Master’s Thesis: Template-Based Text-to-Image Alignment for Language Accessibility: A Study on Visualizing Simplified Text
(Link will be added once publicly available via UZH ZORA repository)
TSAR 2025 Paper: Template-Based Text-to-Image Alignment for Language Accessibility: A Study on Visualizing Text Simplifications
(To appear in the ACL Anthology after the TSAR 2025 Workshop on Text Simplification, Accessibility, and Readability)

Repository Structure

Belkiss_ThesisFiles/
├── Code/
│   ├── annotation_analysis/          # Analysis of annotation data and inter-annotator agreement
│   │   ├── 100 score analysis/
│   │   ├── IAA/                     # Inter-Annotator Agreement calculations
│   │   ├── Style Recognition/
│   │   ├── best dataset and style/
│   │   ├── correlation study/
│   │   └── qualitative study/
│   ├── intermediate_exploration/     # Exploratory analysis and experiments
│   ├── phase1_template_selection/    # Phase 1: Template selection methodology
│   ├── phase2_style_evaluation/      # Phase 2: Style evaluation framework
│   └── phase3_label_studio/         # Phase 3: Label Studio annotation setup
└── required files/                  # Essential datasets and configuration files
    ├── complete_dataset_400.json
    ├── expert_distribution_mapping.csv
    ├── refined_prompts.json
    └── renamed_images_mapping.csv

Data Availability

Annotation Data and Images

Due to file size limitations, the annotation data and generated images are hosted on SwissUbase:

Annotation Data: Contains individual annotator files.
Generated Images: Complete dataset of the generated images used in the study.
Access: SwissUbase Dataset Link

Download Instructions

Click the dataset link above.
In the left sidebar, select Files.
Click on any of the listed file collections (e.g., Annotation Files, Simplified Sentences and Prompts, or Generated Images).
Open the menu icon (☰) on the top left.
Select File → then click Download to save the file locally.

Research Overview

Dataset and Corpus

We compiled a text-to-image text simplification (TS) corpus by sampling from four established datasets:

OneStopEnglish (Vajjala & Lučić, 2018) — A corpus of news articles rewritten at different reading levels for automatic readability assessment and text simplification.
SimPA (Scarton et al., 2018) — A sentence-level simplification corpus for the public administration domain.
Wikipedia (Sun et al., 2020) — A dataset exploring the effect of document context on sentence simplification (used without context).
ASSET (Alva-Manchego et al., 2020) — A dataset for tuning and evaluating sentence simplification models with multiple rewriting transformations.

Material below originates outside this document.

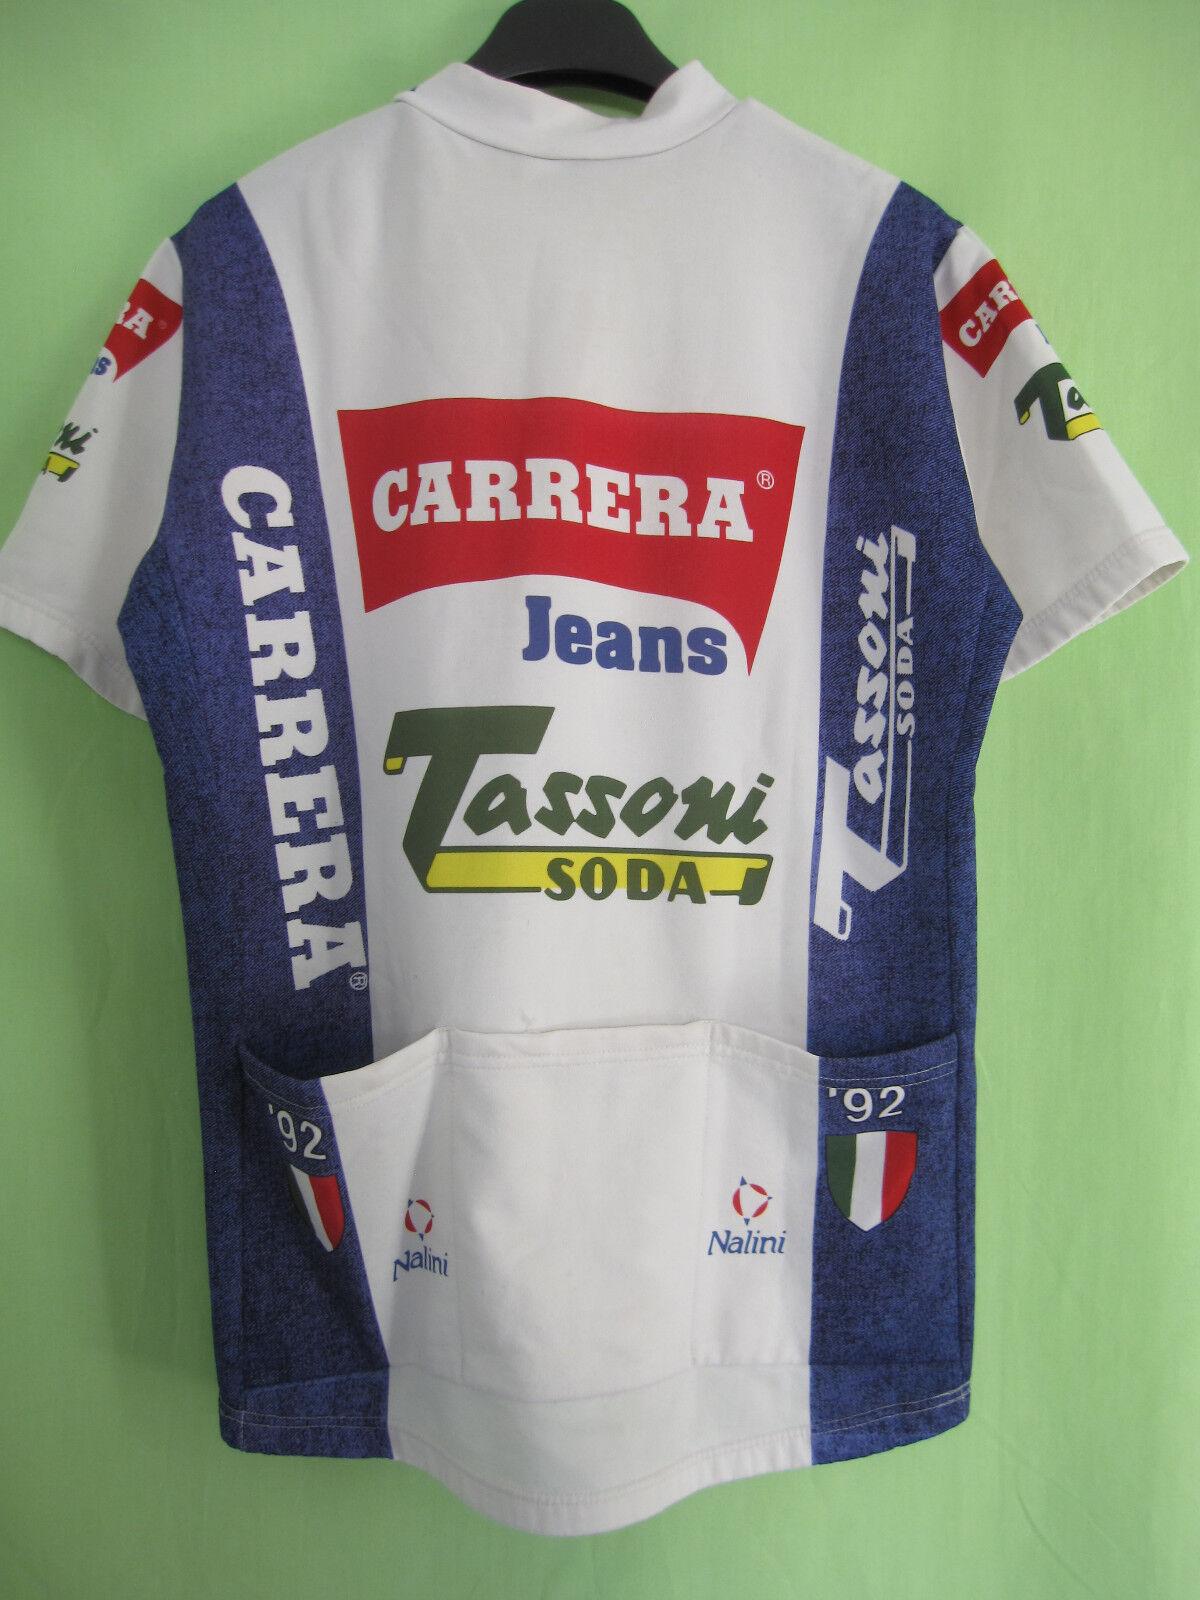 Maillot Cycliste Carrera Tassoni Soda tour 1992 1992 1992 Nalini Jersey cycling - L 6c2d21
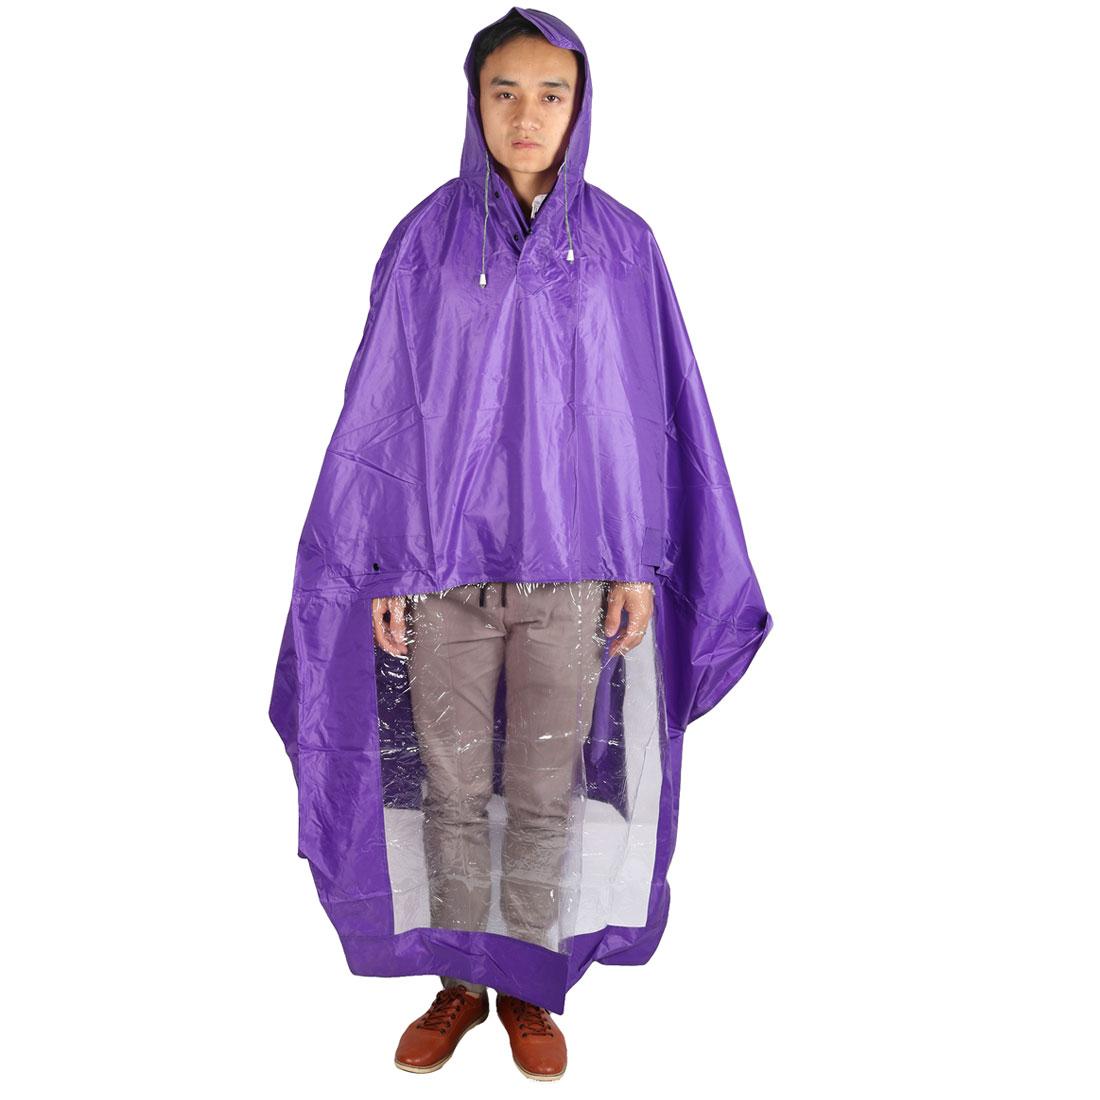 Outdoor Motorcycle Scooter Plastic Cover Water Resistant Dustproof Raincoat Protector Purple

Together, these resources form a balanced corpus of 400 simplified sentence pairs covering diverse text domains including news, encyclopedic, and administrative content.

Prompt Templates

Five structured prompt templates were developed, each following different layout logic based on cognitive accessibility principles:

Basic Object Focus: Simple, object-centered visual representations
Contextual Scene: Scene-based imagery with environmental context
Educational Layout: Structured layouts optimized for learning
Multi-Level Detail: Hierarchical visual information presentation
Grid Layout: Organized grid-based visual arrangements

Evaluation Methodology

Automatic metrics: CLIP similarity scores for semantic alignment
Expert annotations: Multi-dimensional human evaluation across accessibility criteria
Style analysis: Assessment of visual styles impact on accessibility and clarity

Research Phases

Phase 1: Template Selection and Development

Objective: Develop and select optimal prompt templates for accessibility-focused image generation
Key Files:
- phase1_template_selection/prompt_generator_p1.ipynb
- phase1_template_selection/image_generator_p1.ipynb
- phase1_template_selection/clip_evaluator_p1.ipynb

Phase 2: Style Evaluation and Testing

Objective: Evaluate different visual styles across the five prompt templates for accessibility impact
Key Files:
- phase2_style_evaluation/code/image_generator_p2.ipynb
- phase2_style_evaluation/code/clip_evaluator_p2.ipynb
- phase2_style_evaluation/code/p2_prompt_generator.ipynb

Phase 3: Human Annotation and Validation

Objective: Conduct expert evaluation of generated images across multiple accessibility dimensions
Key Files:
- phase3_label_studio/image_processing.ipynb
- annotation_analysis/ (complete analysis suite)

Citation

@mastersthesis{souayed2025thesis,
  title={Template-Based Text-to-Image Alignment for Language Accessibility: A Study on Visualizing Simplified Text},
  author={Souayed, Belkiss},
  year={2025},
  school={University of Zurich},
  type={Master's thesis}
}

@inproceedings{souayed2025tsar,
  title={Template-Based Text-to-Image Alignment for Language Accessibility: A
Study on Visualizing Text Simplifications},
  author={Souayed, Belkiss and Ebling, Sarah and Gao, Yingqiang},
  booktitle={},
  year={2025},
  organization={},
  address={},
  note={To appear},
  url={https://aclanthology.org/2025.tsar-1.XX} % to update once published
}

Data License and Source Acknowledgments

This dataset was developed as part of a research study exploring the alignment between simplified text and accessible image generation.
The simplified sentences were sampled from four publicly available text simplification datasets:
ASSET, OneStopEnglish, SimPA, and Wikipedia.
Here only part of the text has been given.